О пользе личной и коллективной гигиены информационной безопасности

24 апреля 2017
12

На одной недавней ИТ-конференции представитель крупного российского ИБ-вендора начал доклад с привычного запугивания аудитории: экспоненциальный рост угроз ИБ, самовоспроизводящиеся и саморассылающиеся зловреды, три-четыре новые зловредные программы каждую секунду, APTs’ы (целевые атаки), шифровальщики-вымогатели, неизвестные уязвимости в Adobe Reader, IE… И самая главная угроза — всемогущие хакеры, изменившие своей творческой натуре, в прежние благословенные годы стремившиеся единственно к самовыражению, а с некоторых пор возжелавшие капитализировать свои знания и тоже ездить в элитных автомобилях. Тихий ужас, в общем... 

И что этому можно противопоставить? Допустим, специализированный продукт, анализирующий входящий трафик, включая электронную почту и вложения в письма, предварительно запускающий сомнительные вложения или файлы в т.н. «песочнице», то есть в специально созданной, изолированной от корпоративного пространства виртуальной среде, с целью проверки на наличие зловредов. 

Но, с одной стороны, возникает вопрос цены продукта, экономической оправданности вложений. Если бизнес крупный – пожалуй, да, вложения оправданы, а если небольшой или даже средний – скорее, нет. А с другой стороны,  дело даже не в цене, как оказывается, а в сомнительной эффективности самого крутого и продвинутого продукта, способного анализировать все и вся, в условиях, когда на ресепшене сидит обыкновенная, совершенно непродвинутая в плане ИБ секретарша. И вот секретарше приходит на электронную почту письмецо с вложением, озаглавленное, допустим,  как «пересмотр зарплат административного департамента на текущий год». Секретарша, разумеется, открывает вложение и готово, зловред — внутри периметра, дальше, что называется, — дело техники. 

Возникает вопрос — что делать в этой ситуации? Как один из вариантов ответа — регулярно деликатно «вбивать» ей и другим сотрудникам на офисной передовой правила ИБ в голову. Например, проводить ежедневный инструктаж — коротко, по громкой связи, как в метро – «граждане пассажиры, выходя из вагона, не забывайте свои вещи». Регулярно собирать всех сотрудников на ИБ-ликбез, который проводят либо специалисты собственного отдела по ИБ, либо званые специалисты.
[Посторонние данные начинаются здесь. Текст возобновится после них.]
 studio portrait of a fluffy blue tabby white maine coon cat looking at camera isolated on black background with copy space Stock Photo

Причем хорошо было бы, чтобы время от времени до таких собраний снисходило руководство, что продемонстрировало бы подчиненным важность проблемы. 
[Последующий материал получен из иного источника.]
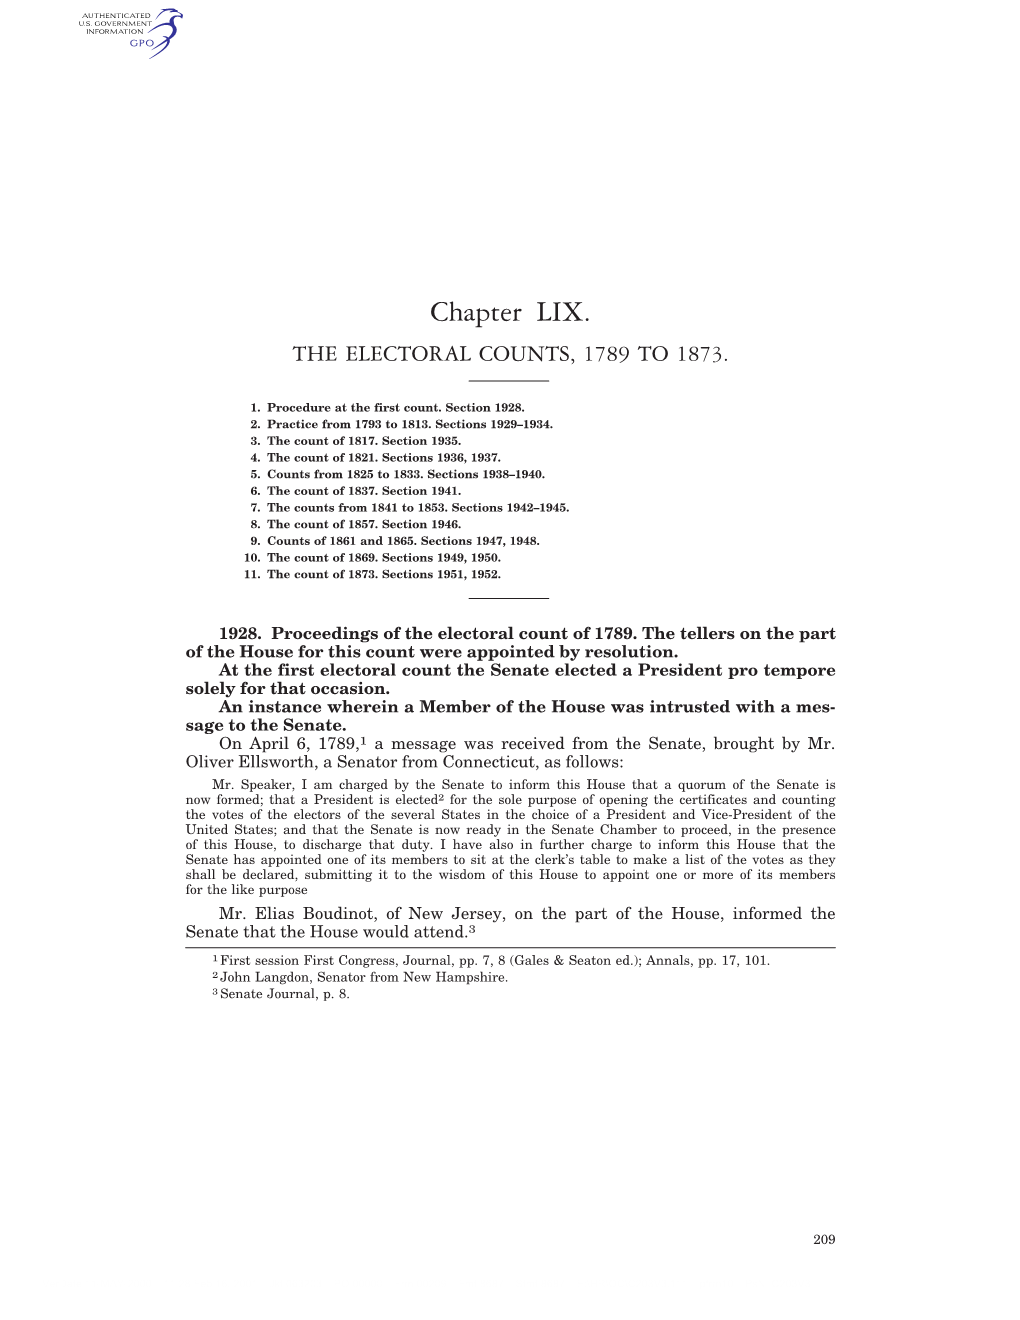 Chapter LIX. the ELECTORAL COUNTS, 1789 to 1873

Так, например, в плане использования личных мобильных устройств — это одна из самых актуальных уязвимостей на сегодня, с точки зрения утечки корпоративной информации — именно высший менеджмент компании является слабым звеном. На вопрос о соблюдении им требований ИБ обычно любой директор по ИТ почти всегда отвечает пожиманием плеч – мол, а что можно с этим поделать? Он же топ… А станет ли соблюдать ИБ рядовой сотрудник, если топ ее показательно игнорирует?  Ведь рядовой сотрудник может все интерпретировать в свою пользу, и в результате скорее просто имитировать соблюдение ИБ, чем на деле соблюдать. И вот мы уже вместо одной точки уязвимости — мобильного топ-руководителя, имеем десятки, сотни уязвимостей в виде личных мобильных устройств сотрудников.

И хотя на бумаге все будет прекрасно — утвержденная корпоративная стратегия ИБ, нормы и регламенты использования личных мобильных устройств, даже корпоративные устройства у большинства сотрудников, но на практике все это, увы, граничит с фикцией. 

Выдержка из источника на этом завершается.